The following is a quotation of the first paragraph of pre-AIA 35 U.S.C. 112:
The specification shall contain a written description of the invention, and of the manner and process of making and using it, in such full, clear, concise, and exact terms as to enable any person skilled in the art to which it pertains, or with which it is most nearly connected, to make and use the same, and shall set forth the best mode contemplated by the inventor of carrying out his invention.
The following is a quotation of 35 U.S.C. 112(b):
(b) CONCLUSION.—The specification shall conclude with one or more claims particularly pointing out and distinctly claiming the subject matter which the inventor or a joint inventor regards as the invention.

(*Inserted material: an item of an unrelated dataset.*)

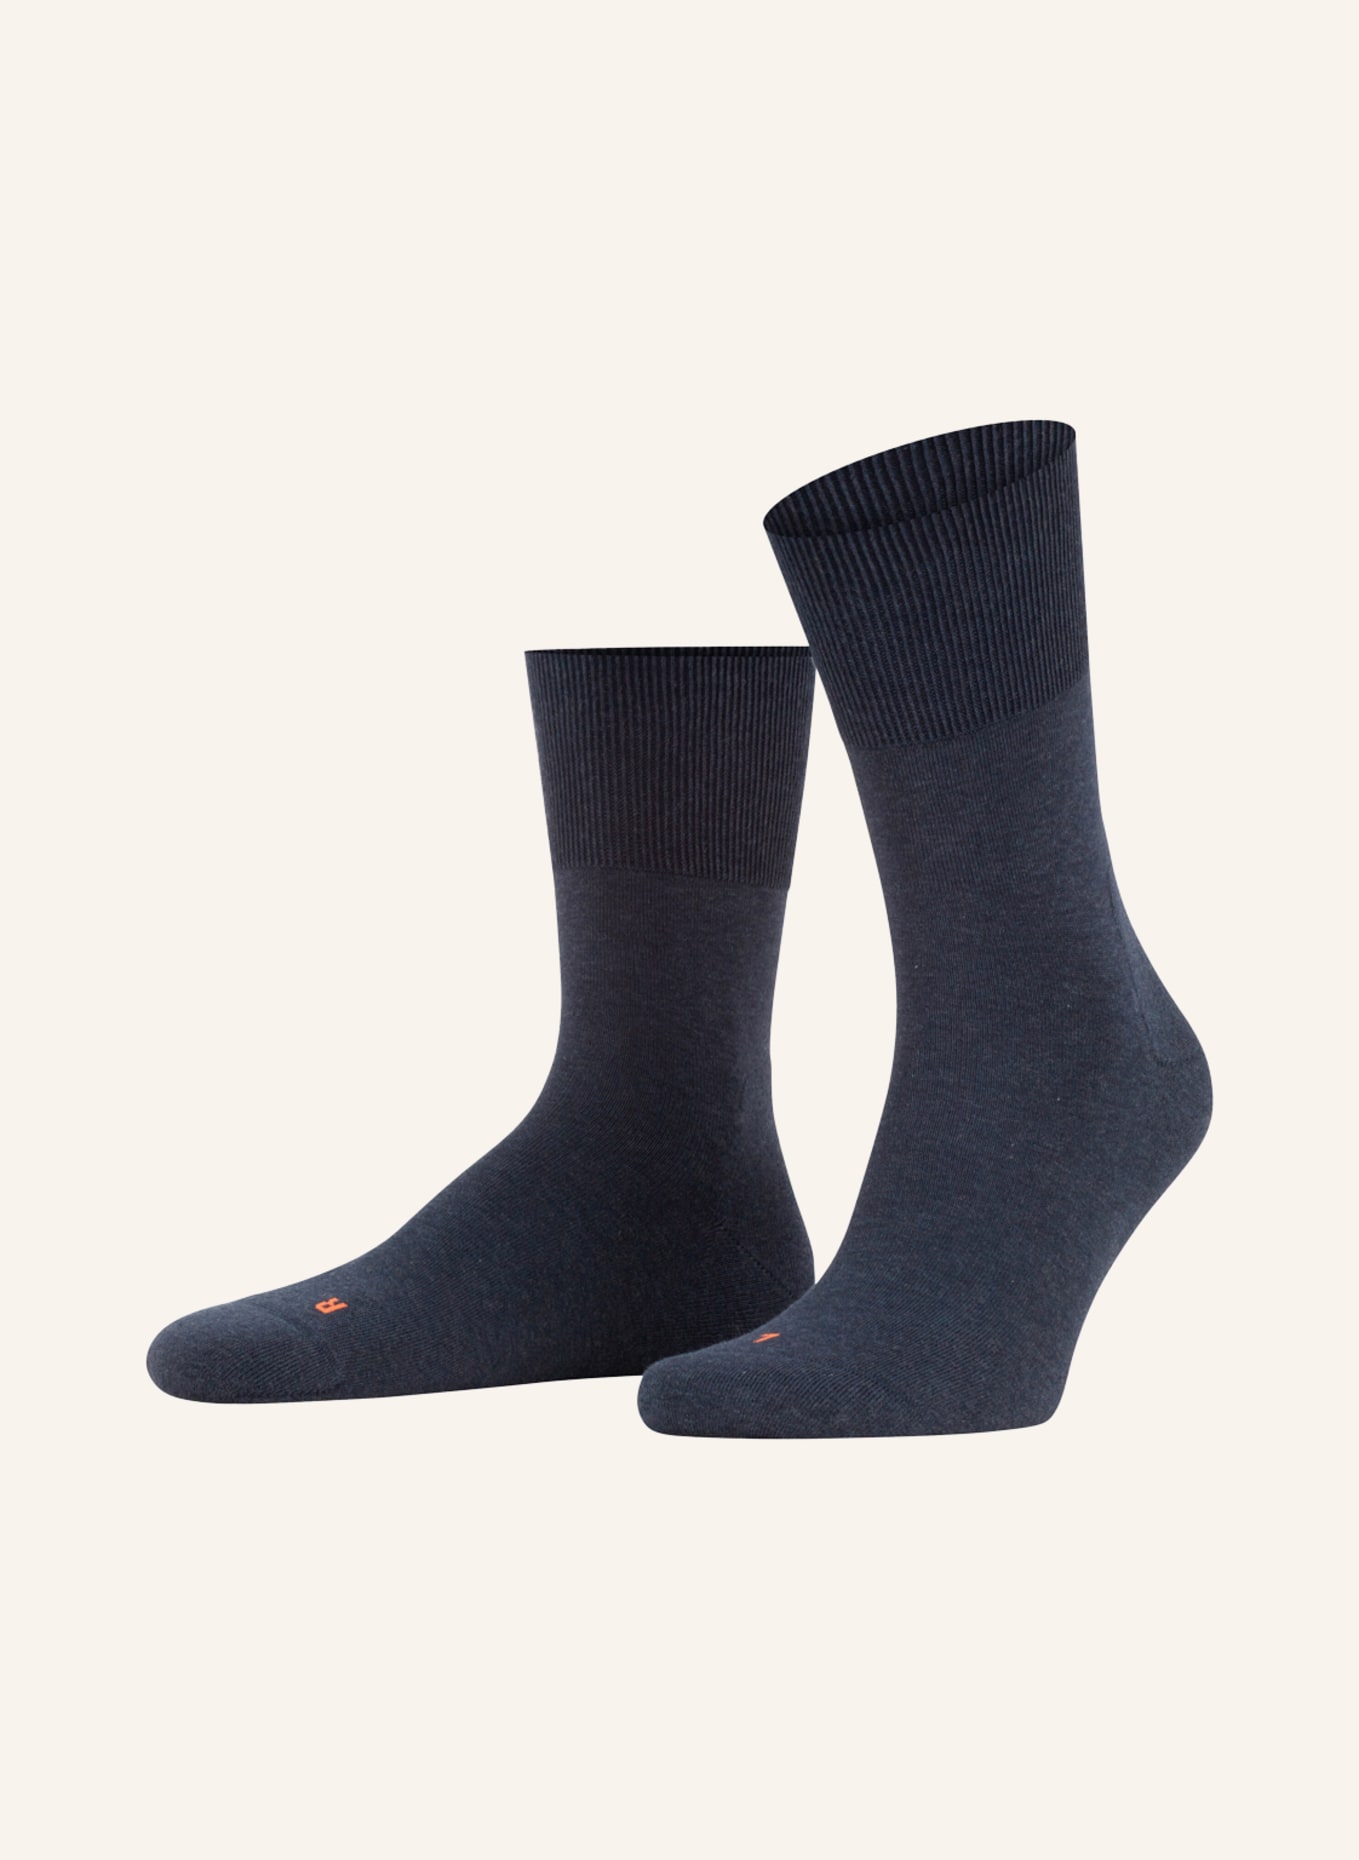 FALKE Socken RUN ERGO, Farbe: 6490 NAVYBLUE M (Bild 1)

The following is a quotation of 35 U.S.C. 112 (pre-AIA ), second paragraph:
The specification shall conclude with one or more claims particularly pointing out and distinctly claiming the subject matter which the applicant regards as his invention.
Claims 35, 36, 38, 40, 52, and 58 are rejected under 35 U.S.C. 112(a) or 35 U.S.C. 112 (pre-AIA ), first paragraph, because the specification, while being enabling for treating urinary infection with silver sulfadiazine (SSD) and/or cefpodoxime, does not reasonably provide enablement for any urinary system disorder treatment other than the urinary infection. The specification does not enable any person skilled in the art to which it pertains, or with which it is most nearly connected, to make and use the invention commensurate in scope with these claims.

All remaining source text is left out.